Implementation Details

Safe Stack is implemented in LLVM/Clang and works as follows:

Two stack pointers: The regular RSP points to the safe stack. A separate thread-local pointer tracks the unsafe stack.
Compiler analysis: For each function, the compiler classifies local variables:
- Safe: Scalars not referenced by address → stay on safe stack
- Unsafe: Arrays, address-taken variables → allocated on unsafe stack
Function prologue/epilogue: Safe variables use normal push/pop. Unsafe variables are allocated via the unsafe stack pointer and freed on return.

safe_stack_example.c
C
1
2
3
4
5
6
7
8
9
10
11
12
13
14
15
16
17
18
19
20
21
22
23
24
25
26
27
28
29
30
31
32
33
34
35
36
37
38
39
40
41
42
// Compile with: clang -fsanitize=safe-stack -o example example.c
 
#include <stdio.h>
#include <string.h>
 
void process_input(const char *input) {
    int loop_counter = 0;     // SAFE: scalar, not address-taken
    char buffer[256];          // UNSAFE: array
    char *ptr = buffer;        // SAFE: pointer value itself is safe
    int result = 0;            // SAFE: scalar
    
    // buffer and ptr's target are on unsafe stack
    // loop_counter and result are on safe stack
    // Return address is on safe stack
    
    strcpy(buffer, input);     // Overflow stays on unsafe stack!
    
    // Even if buffer overflows by 1000 bytes,
    // it CANNOT reach loop_counter, result, or return address
    // because they're on a completely different memory region
    
    printf("Processed: %s\n", buffer);
}
 
// Generated code (conceptual):
void process_input_safestack(const char *input) {
    // Unsafe stack allocation
    extern __thread char *__safestack_unsafe_stack_ptr;
    char *unsafe_sp = __safestack_unsafe_stack_ptr;
    unsafe_sp -= 256;  // Allocate buffer on unsafe stack
    char *buffer = unsafe_sp;
    __safestack_unsafe_stack_ptr = unsafe_sp;
    
    // Safe local variables (on regular stack via RSP)
    int loop_counter = 0;
    int result = 0;
    
    strcpy(buffer, input);  // Overflow confined to unsafe stack!
    
    // Restore unsafe stack pointer
    __safestack_unsafe_stack_ptr = unsafe_sp + 256;
}

Performance and Compatibility

Safe Stack has minimal performance overhead because:

Most functions don't have unsafe variables (no change)
Functions with unsafe variables add only a few instructions for allocation
No runtime checks (unlike canaries)

Performance impact: ~0.1% average overhead in benchmarks.
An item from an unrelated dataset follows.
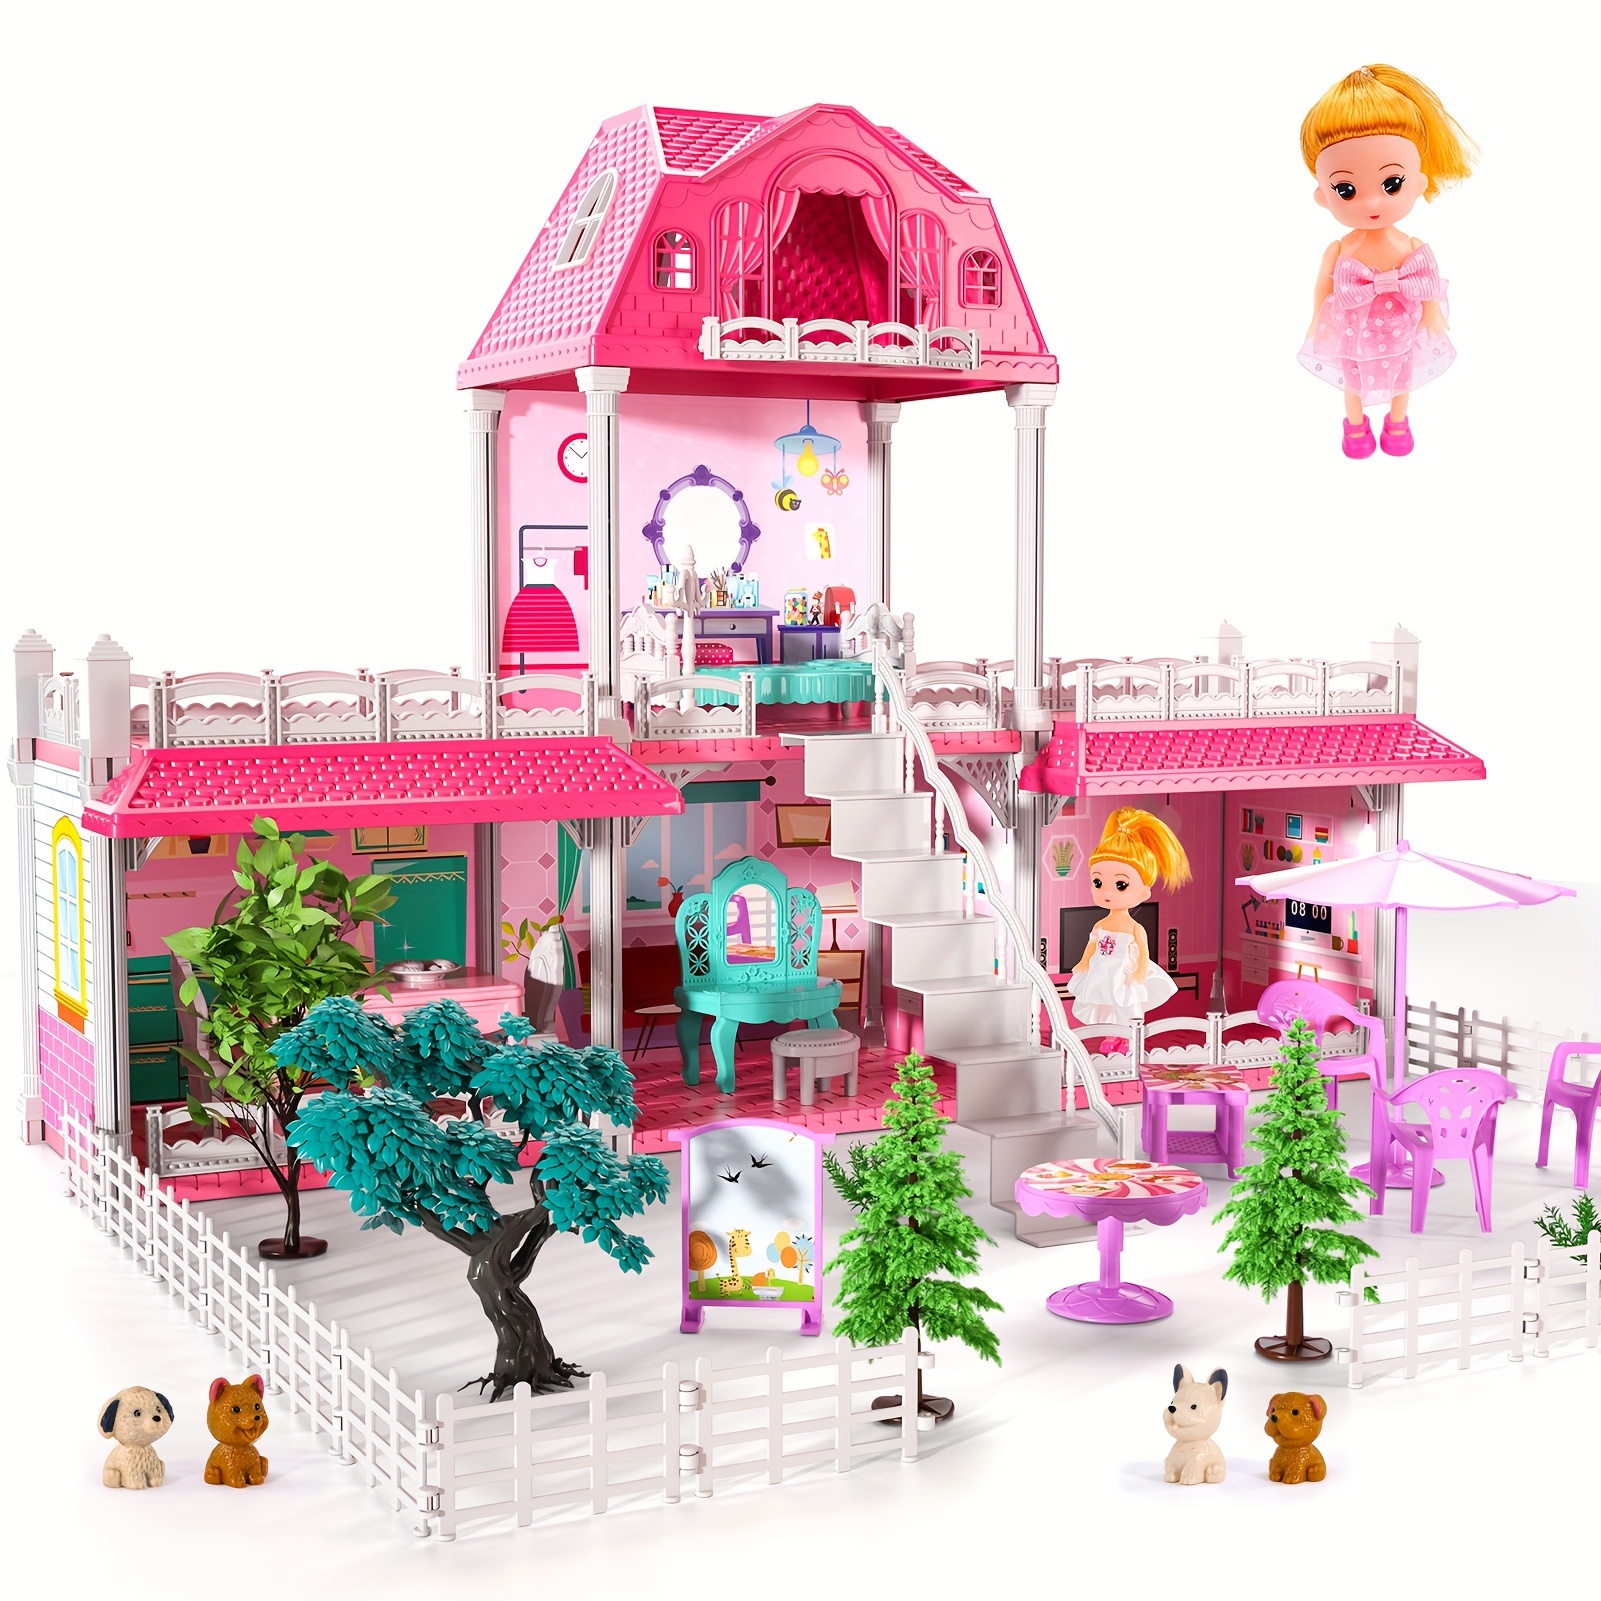 

Doll House For Toddlers Kids Girls, Diy Dollhouse Girl Toys With Dolls, Pets And Furniture Accessories

Compatibility: Requires compiler support (Clang). Libraries must be recompiled. Runtime provides the unsafe stack management.

Deployed in Production

Safe Stack is used in production by Google (Chrome OS, Fuchsia), Apple (parts of iOS), and other security-conscious projects. It provides strong protection against stack buffer overflows with negligible overhead—a rare combination in security engineering.
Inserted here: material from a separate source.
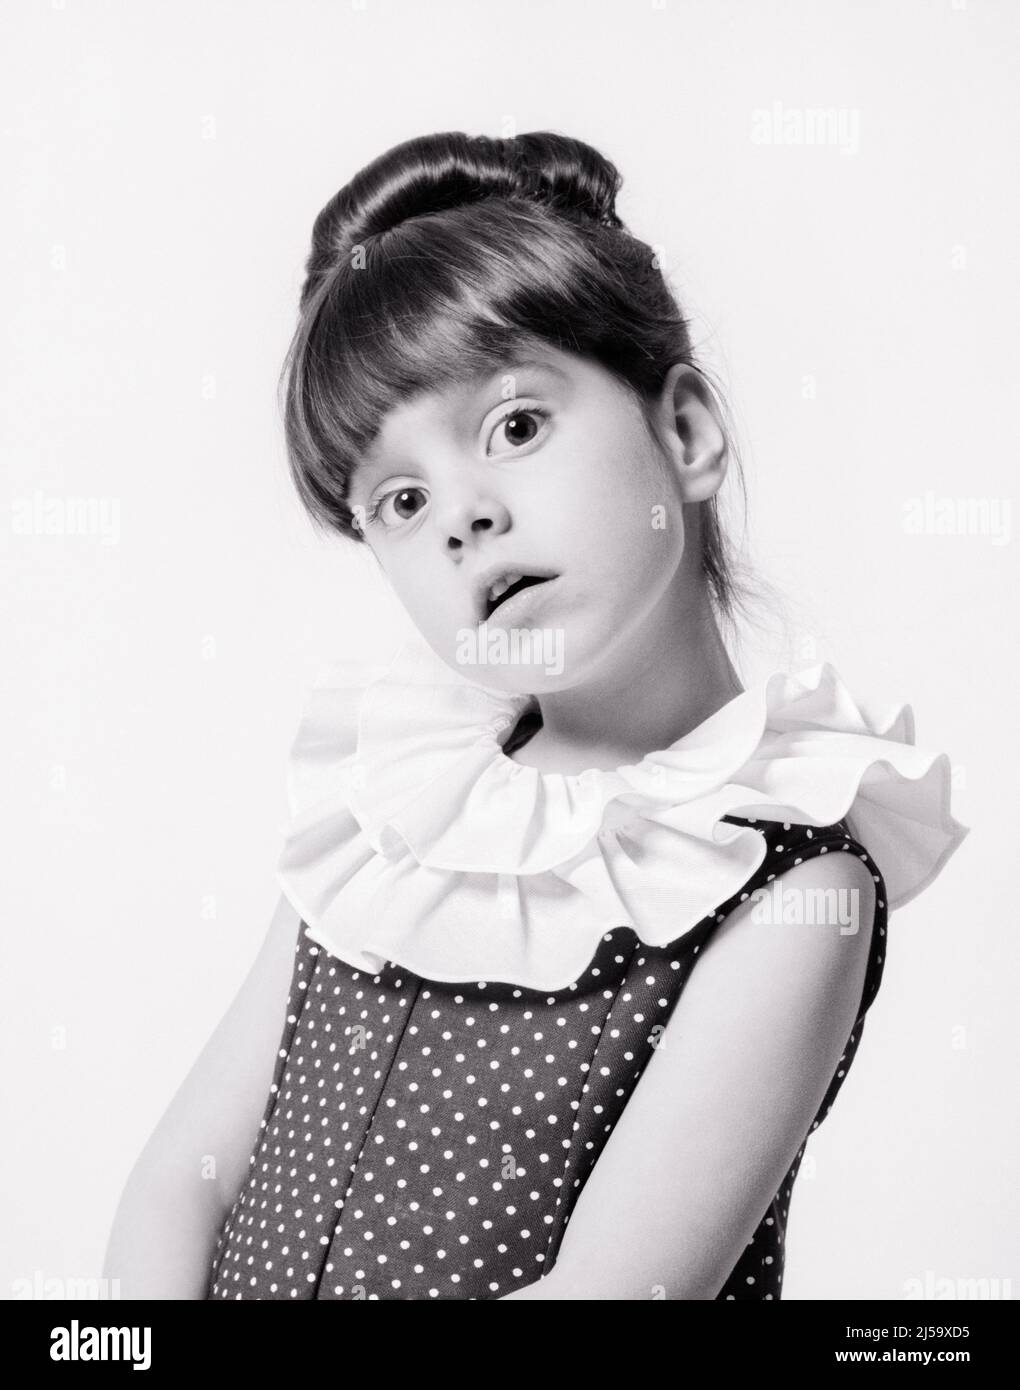 1960s ADORABLE BRUNETTE LITTLE GIRL LOOKING AT CAMERA QUESTIONING UNCERTAIN GAZE HAIR IN UPDO POLKA DOT DRESS HAS RUFFLED COLLAR - j13245 HAR001 HARS HALF-LENGTH B&W WIDE EYE CONTACT BRUNETTE DOT BUG-EYED POLKA UPDO STYLISH PLEASANT WIDE-EYED AGREEABLE CHARMING GAZE JUVENILES LOVABLE PLEASING POSE POSED QUESTIONING RUFFLED STARTLED ADORABLE APPEALING ATTITUDE BANGS BLACK AND WHITE CAUCASIAN ETHNICITY HAR001 OLD FASHIONED UNCERTAIN Stock Photo

Shadow Stack: Hardware-Protected Return Addresses

While Safe Stack separates control and data, Shadow Stack takes a different approach: maintain a hardware-protected backup copy of return addresses. Every CALL instruction pushes the return address to both the regular stack and the shadow stack. Every RET instruction compares the two—any mismatch indicates tampering.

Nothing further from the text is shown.